Не поднимая на него глаз, я отвернулся к стакану, залпом, не чувствуя вкуса водки, выпил.
Ващенков встал, поднялся и я. Он стоял передо мной, выставив вперед изрезанный морщинами большой лоб, со свисающими руками, внешне спокойный, сумрачный, решительный.
– Еще одно. Когда вы были в городе, видел ли кто вас из знакомых?
– Лещев видел.
– Не то. Из загарьевцев кто-нибудь видел?
– Вроде нет.
– Должно быть, кто-то видел. В обком на вас чья-то досужая рука анонимку написала. Не точно это, но догадываюсь. Очень скоропалительно решили меня перебросить. Боятся за авторитет, спасают меня. До сих пор на мои просьбы приходили только отказы. Имейте это в виду. Вале не говорите. Незачем. Берегите ее…
По заполненному людьми залу Ващенков прошел твердой поступью, с непроницаемо-спокойным лицом. Возле крыльца чайной его ждала «Победа». Шофер при его появлении зашевелился за рулем.
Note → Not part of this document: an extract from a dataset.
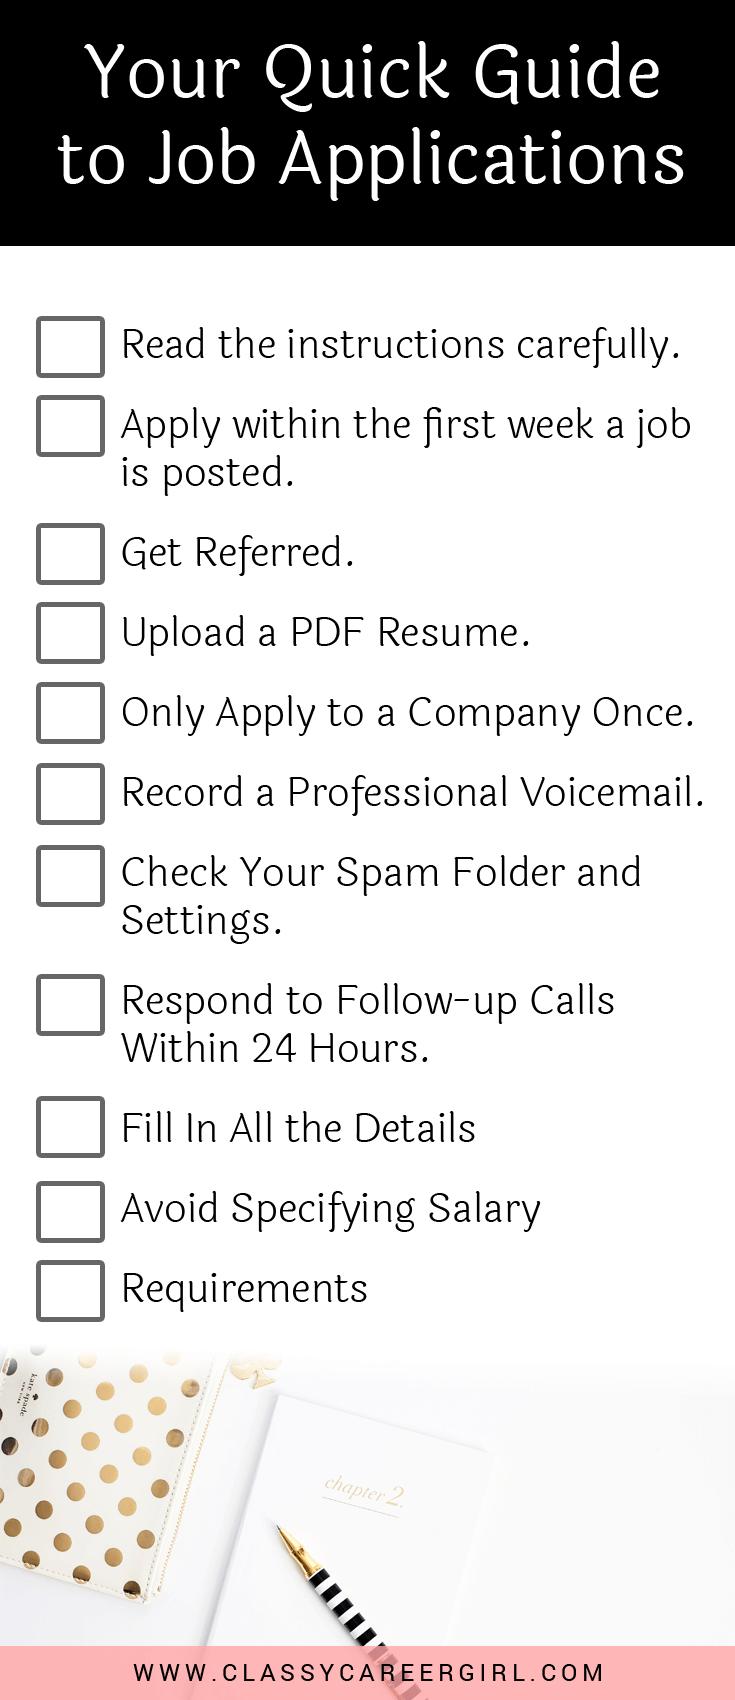 A Quick Guide To Online Job Applications Online Job Applications
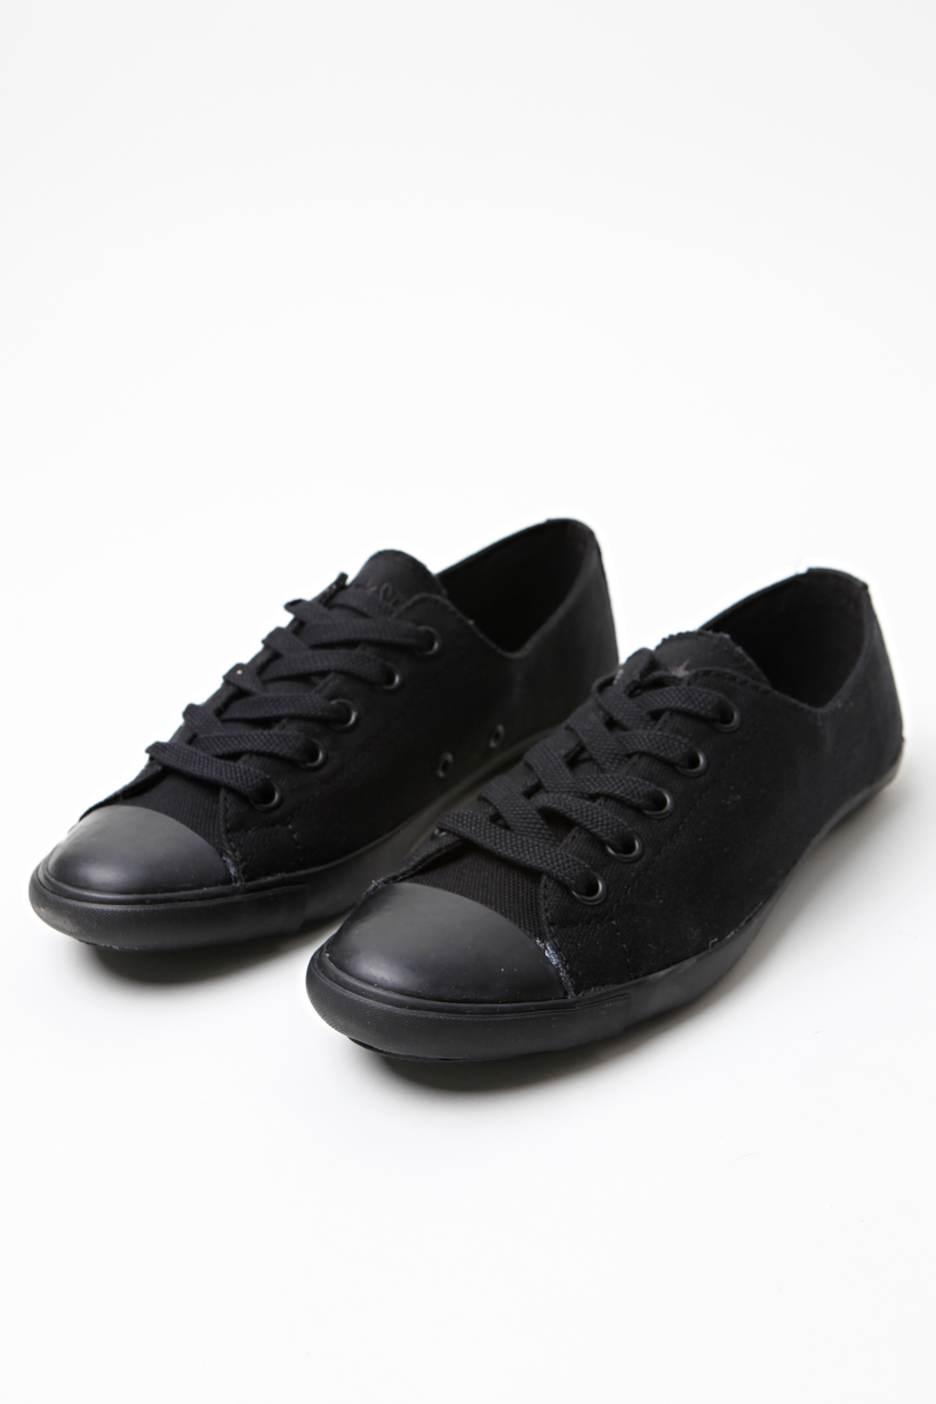 Converse - AS Light OX Black Black - Girl Shoes ...

Ващенков протянул мне руку:
– Прощайте.
Я пожал ее:
– Прощайте, Петр Петрович.
Во всех окнах чайной виднелись лица.
Ващенков сел рядом с шофером, уткнул подбородок в грудь, приказал:
– Побыстрей к поезду.
Я стоял, пока машина не свернула за угол.
17
Валя сидела одна в комнате, снова беспорядочно заваленной нераспакованными вещами. Она поднялась мне навстречу:
– Уехал?
– Уехал.
Она снова опустилась на ящик, взгляд ее был рассеянный, руки неспокойно двигались, то поправляли юбку, то ощупывали шершавые доски ящика, то трогали сумочку на коленях, и все это при отсутствующем, рассеянном взгляде.
Я почувствовал, что она не просто жалеет его, а она любит его, любит, пожалуй, в эту минуту больше, чем меня. И я прощал ей это, я понимал ее, я сам был подавлен, уничтожен поступком Ващенкова, признавал его превосходство над собой.
– Что мы будем делать? – спросила она безучастно.
– Будем устраиваться. Завтра будем подыскивать себе место для жилья. Нам же нельзя здесь оставаться. Это его дом, здесь станет жить другой секретарь райкома.
– Это его дом, – повторила она.
– А сейчас я пойду.
Она подняла на меня глаза.
– Туда?
– Да.
Она устало кивнула головой: «Иди».
Я вышел.
Сказать? Все? Вот она, катастрофа. Мы ее предчувствовали, перед ней содрогались. Вот она разворачивается полным ходом. Она беспощадна, заставляет быть беспощадным и меня. Только что проводили на станцию человека, хорошего человека, которого я обрек на одиночество. Жалость и помощь не могут теперь исходить от меня, я несу только крушение, только ломку. Я сейчас иду, чтоб разрушить еще одну жизнь, и даже не одну, а две жизни.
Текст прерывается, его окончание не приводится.